** Given material **
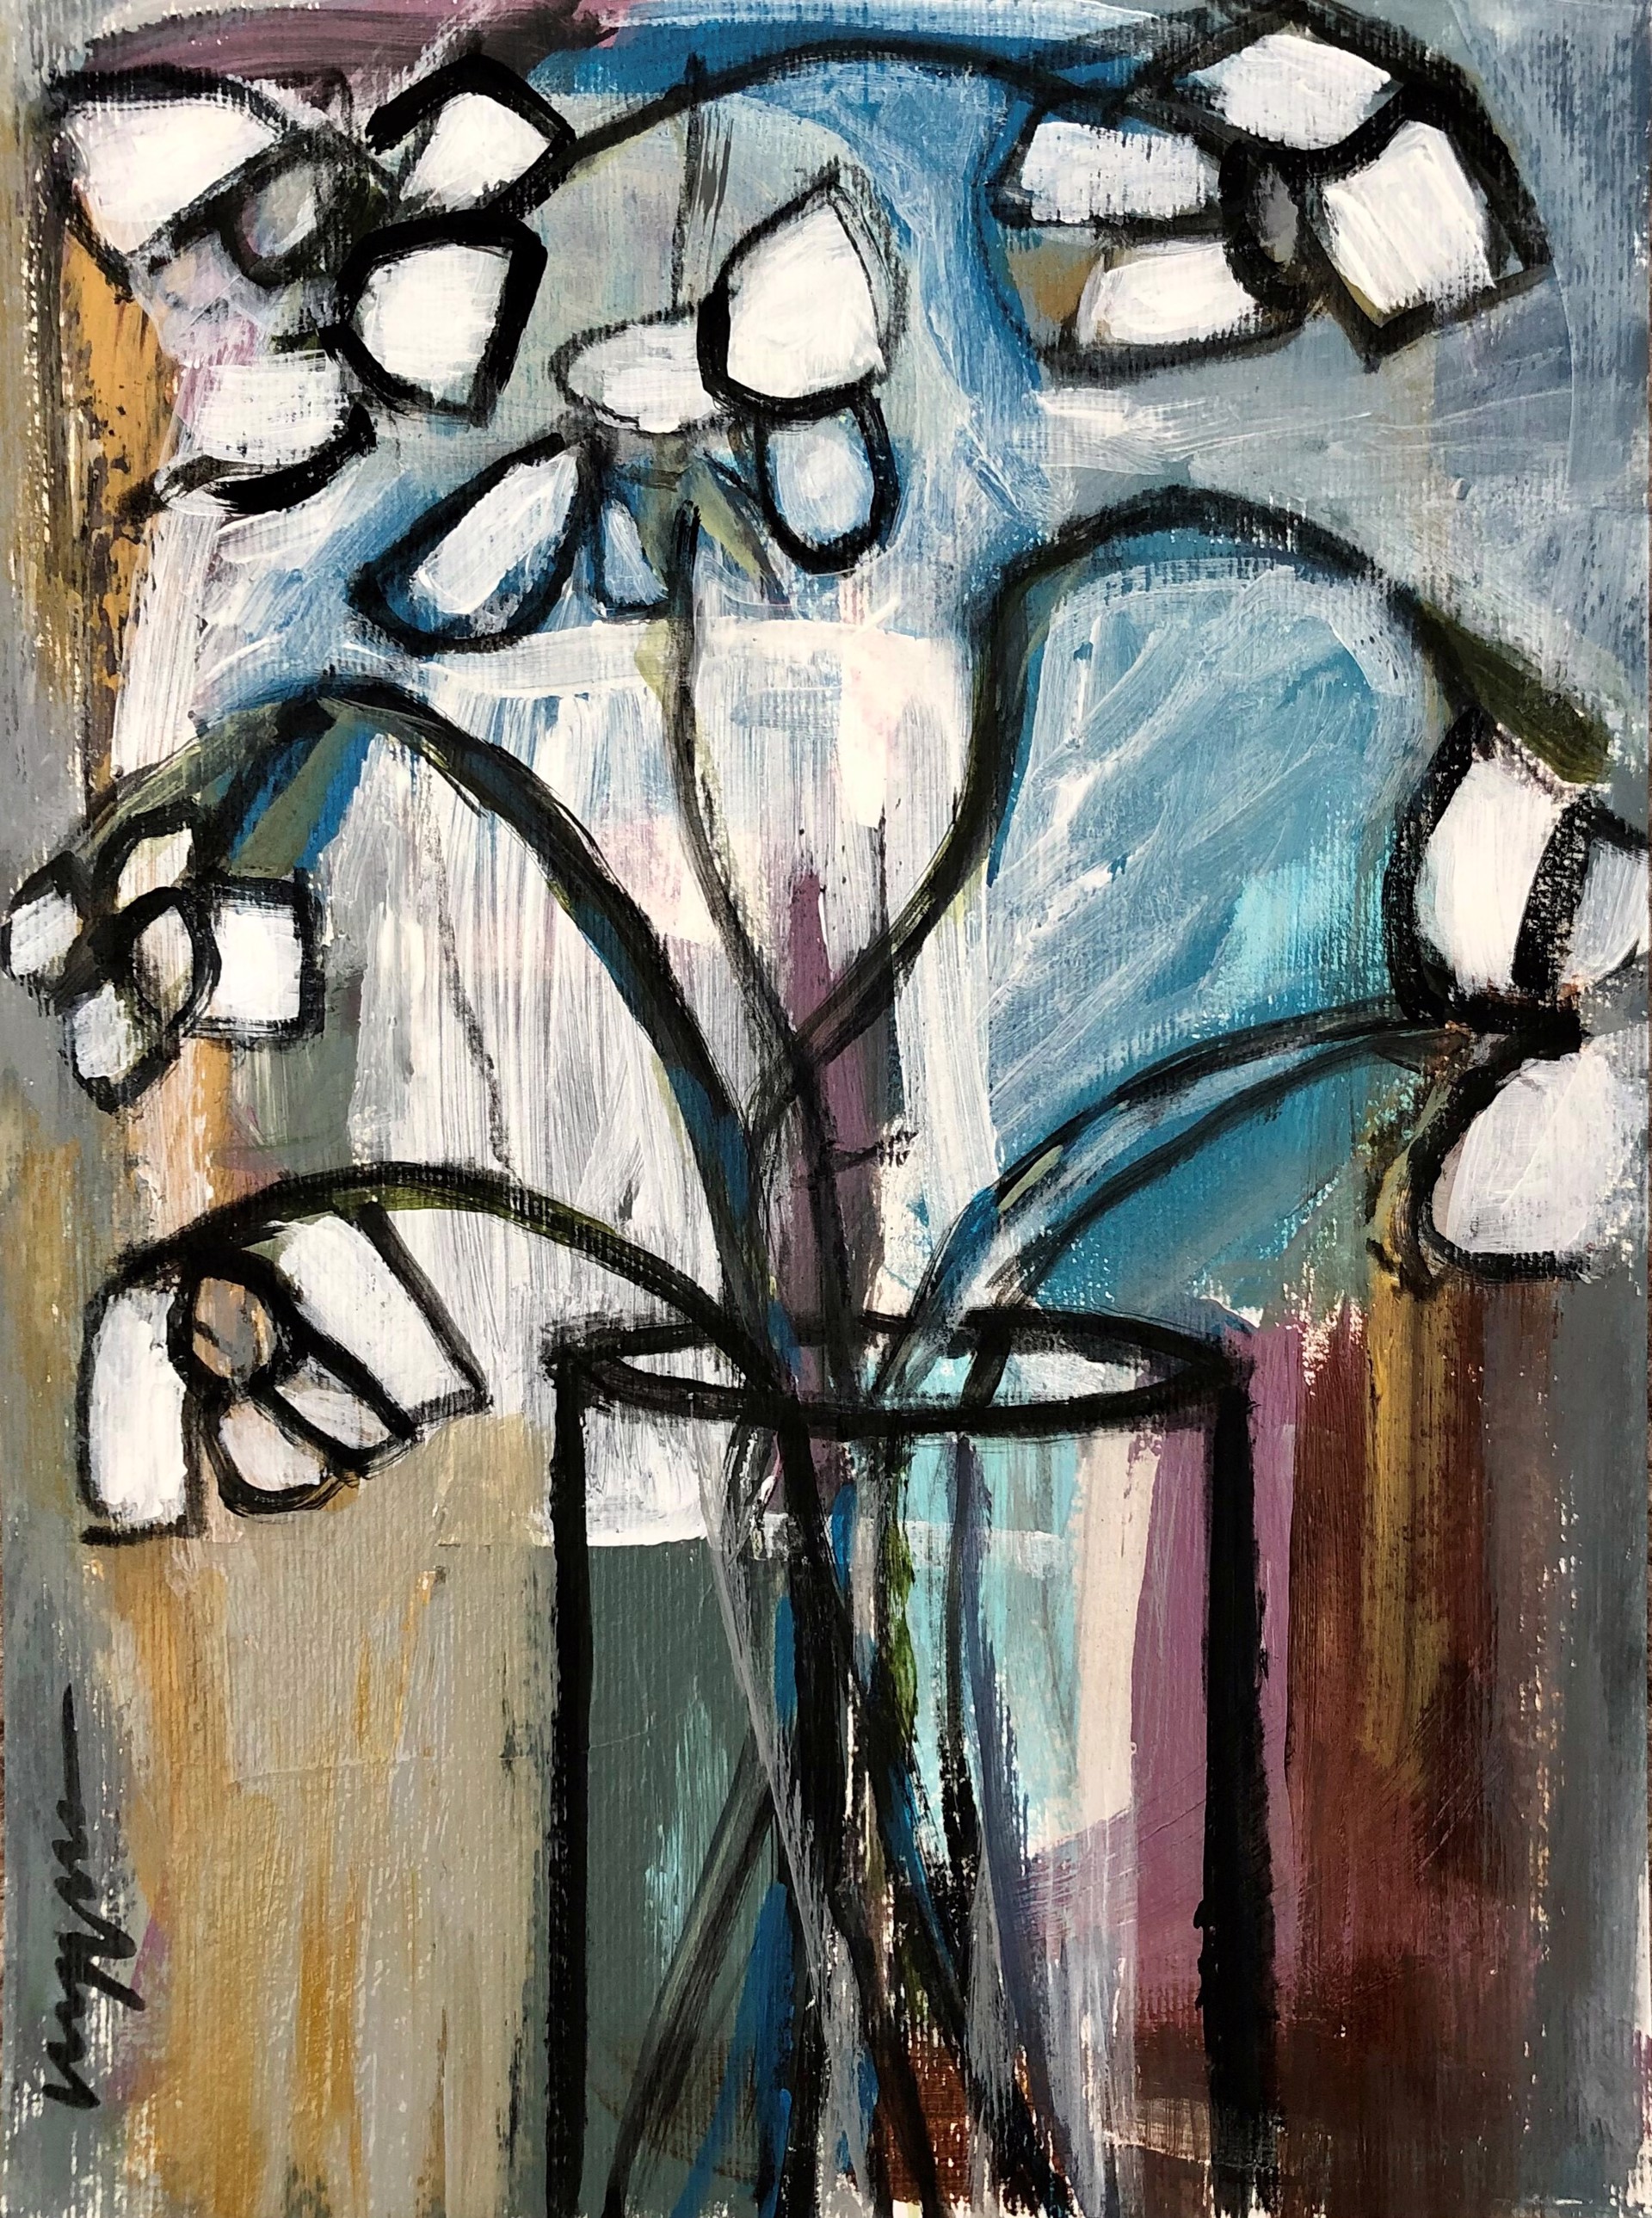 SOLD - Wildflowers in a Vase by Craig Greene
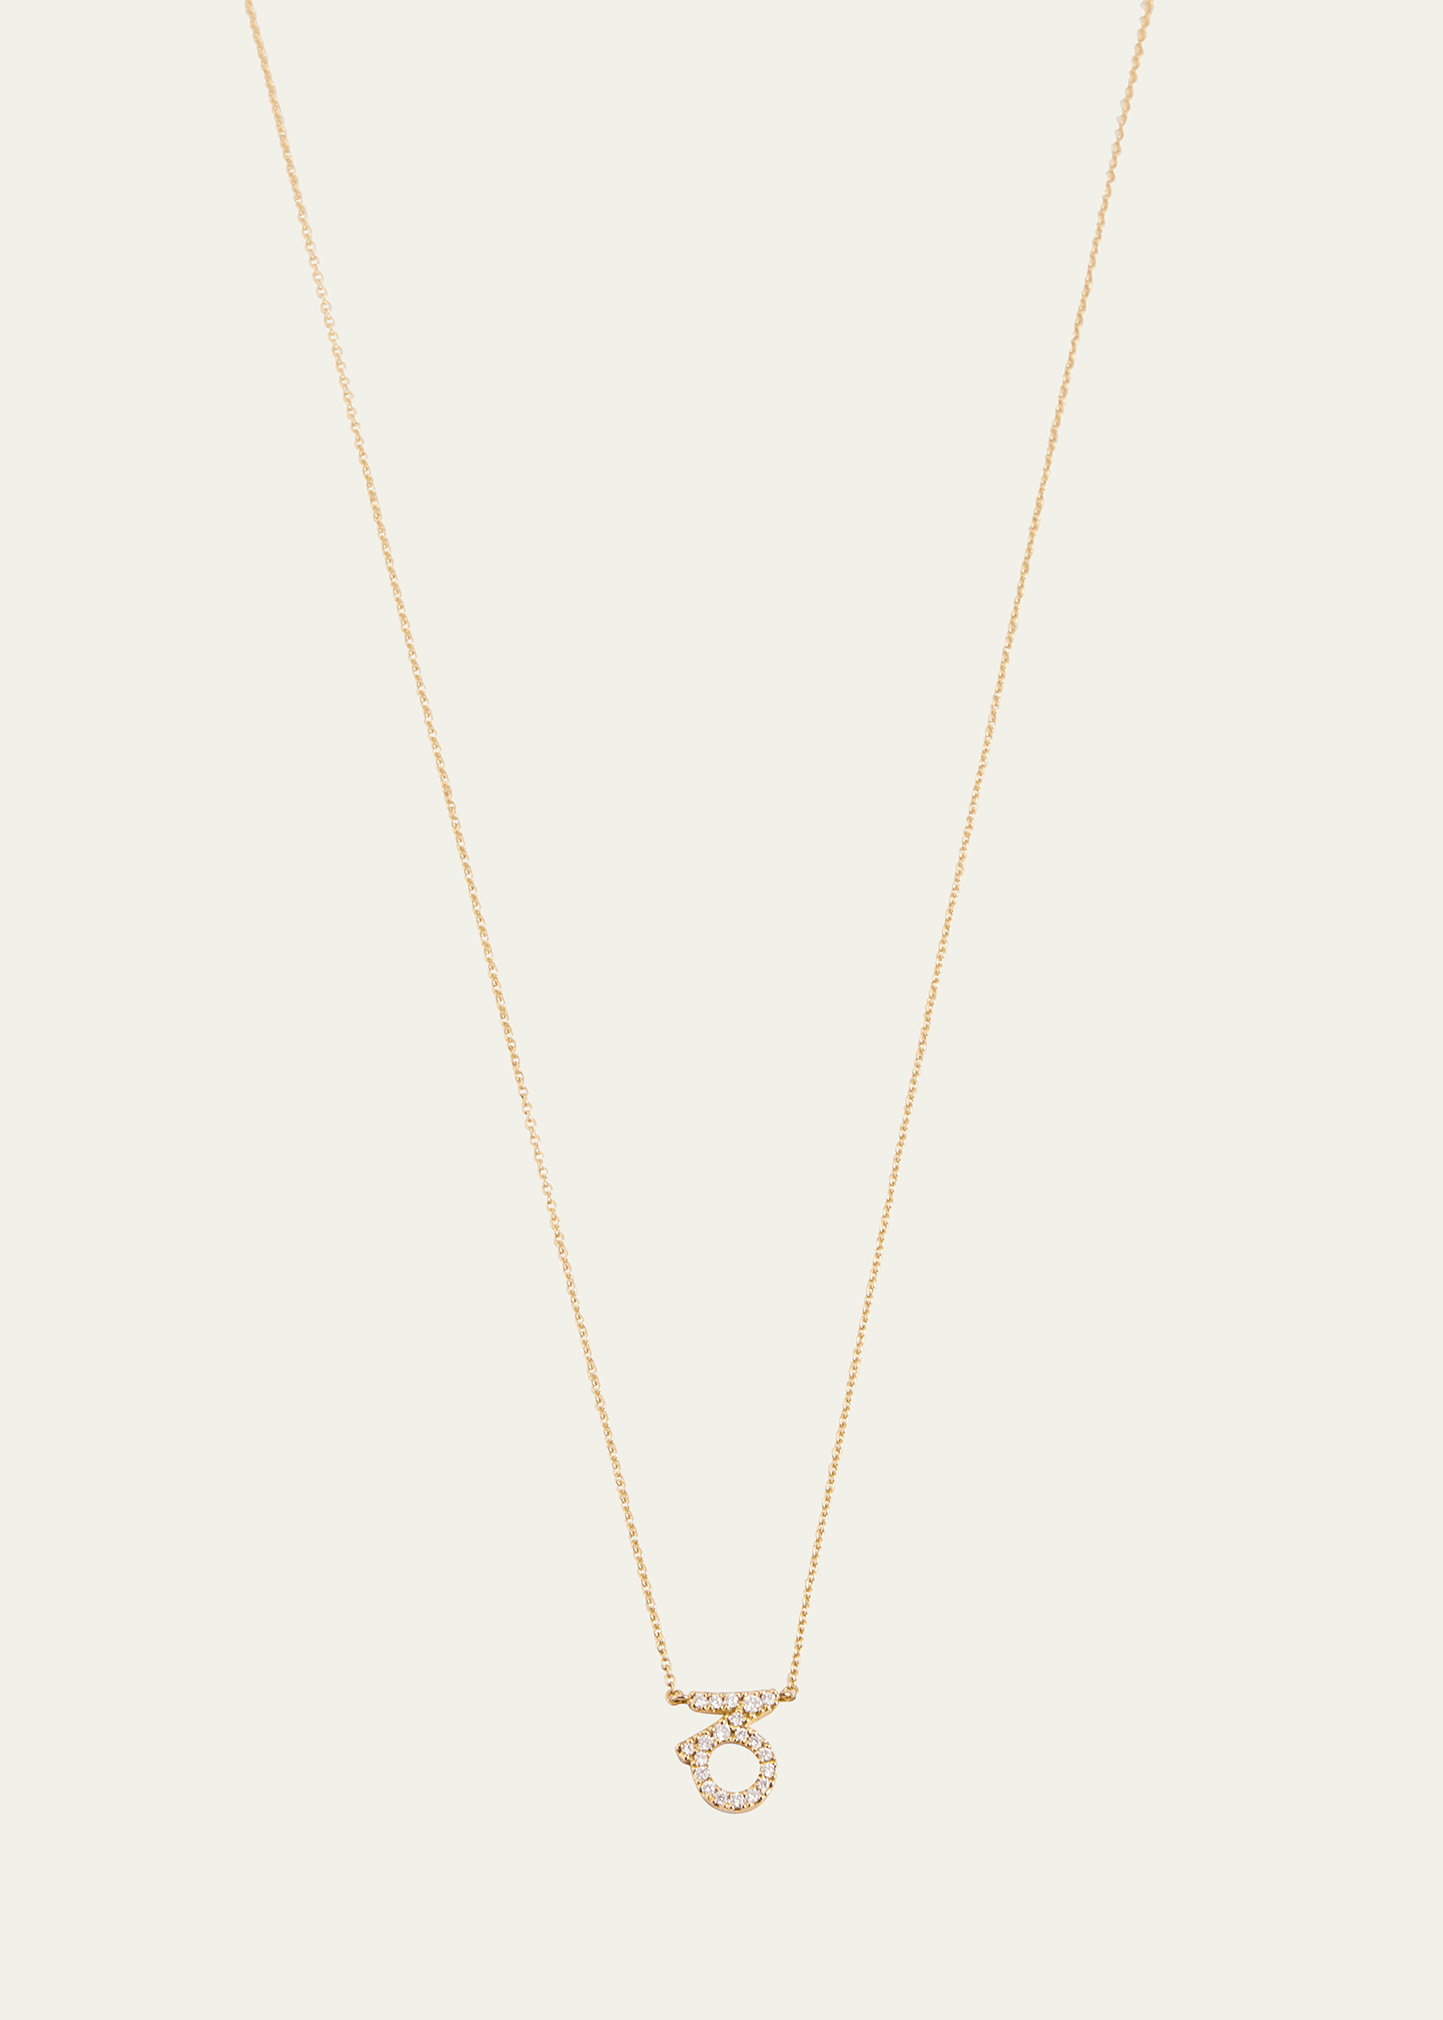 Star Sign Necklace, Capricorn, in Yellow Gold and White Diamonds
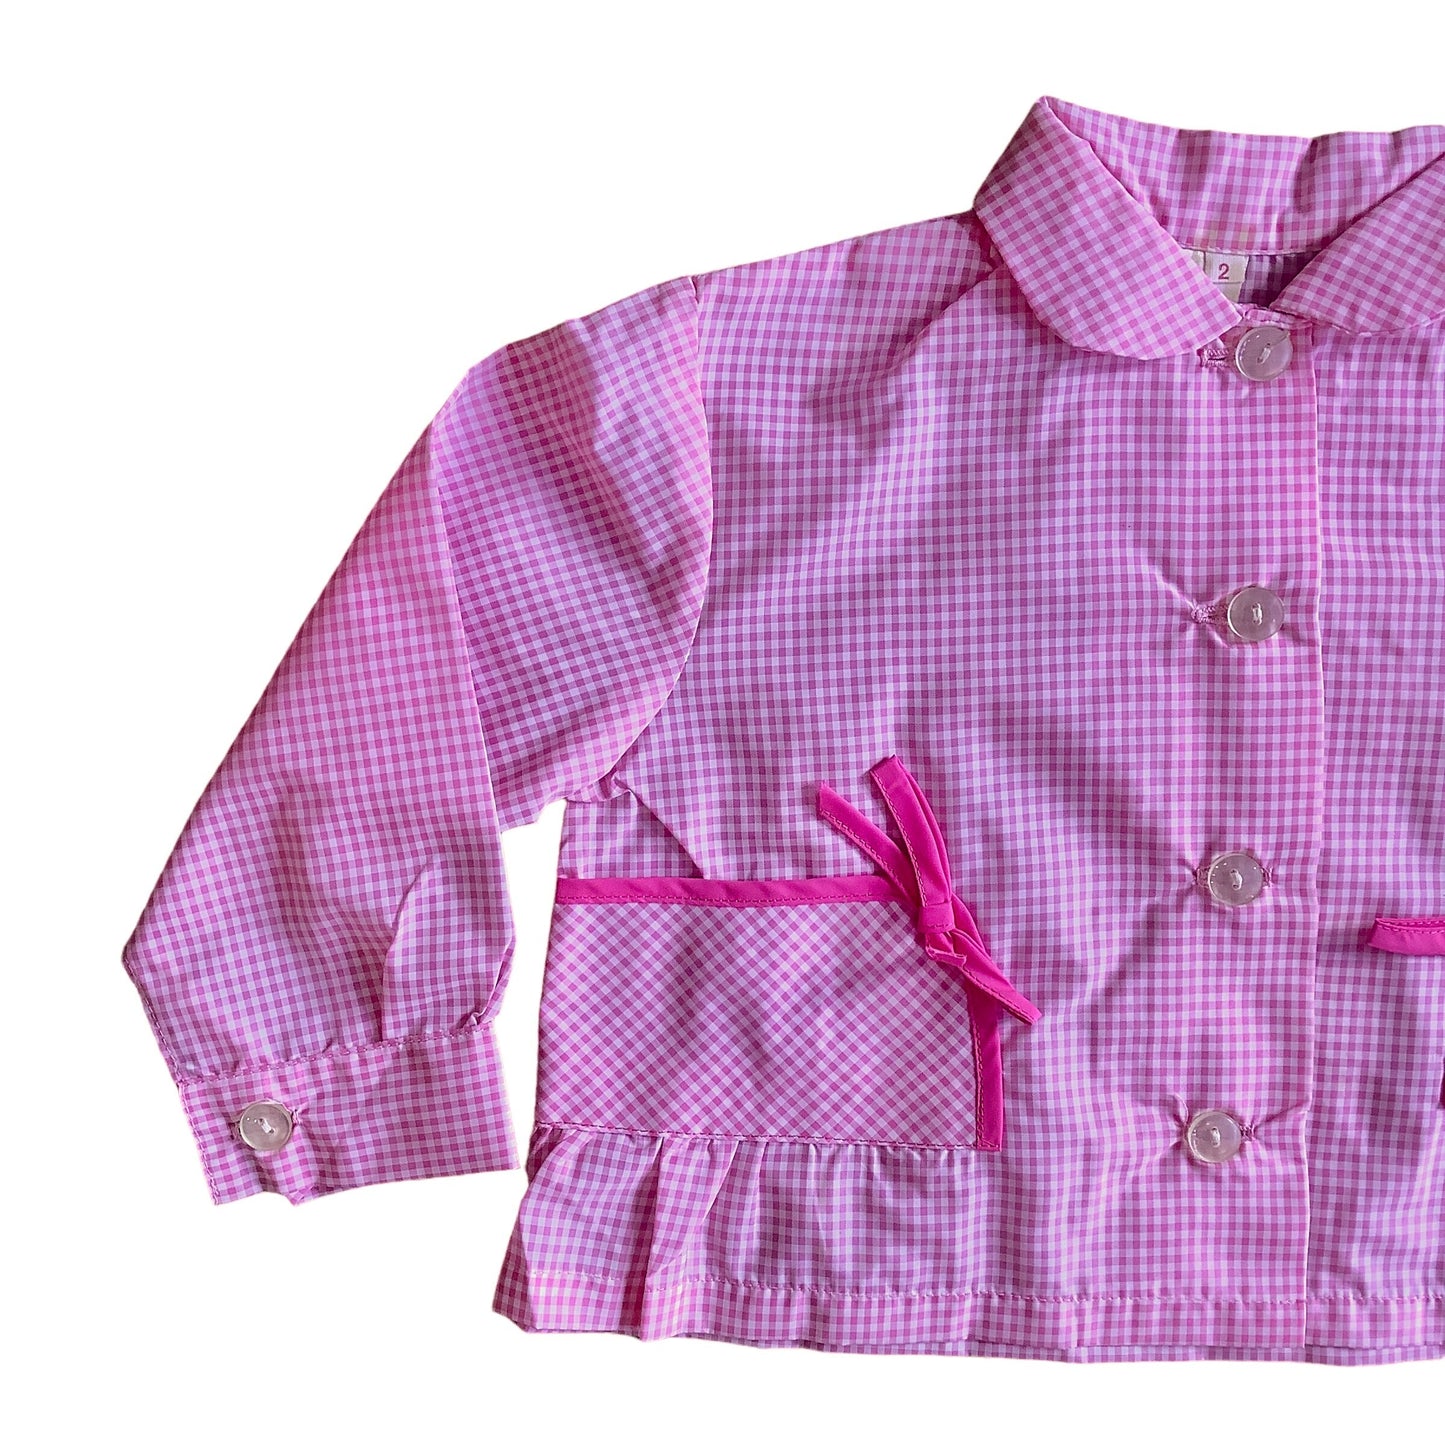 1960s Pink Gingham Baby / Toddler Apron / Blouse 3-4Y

** What the task requires **
Take the line with "Star Sign Necklace, Capricorn, in" and each line after it through the end of the material above, and reproduce them exactly, without the pictures.

** Exercise solution **
 Star Sign Necklace, Capricorn, in Yellow Gold and White Diamonds
 1960s Pink Gingham Baby / Toddler Apron / Blouse 3-4Y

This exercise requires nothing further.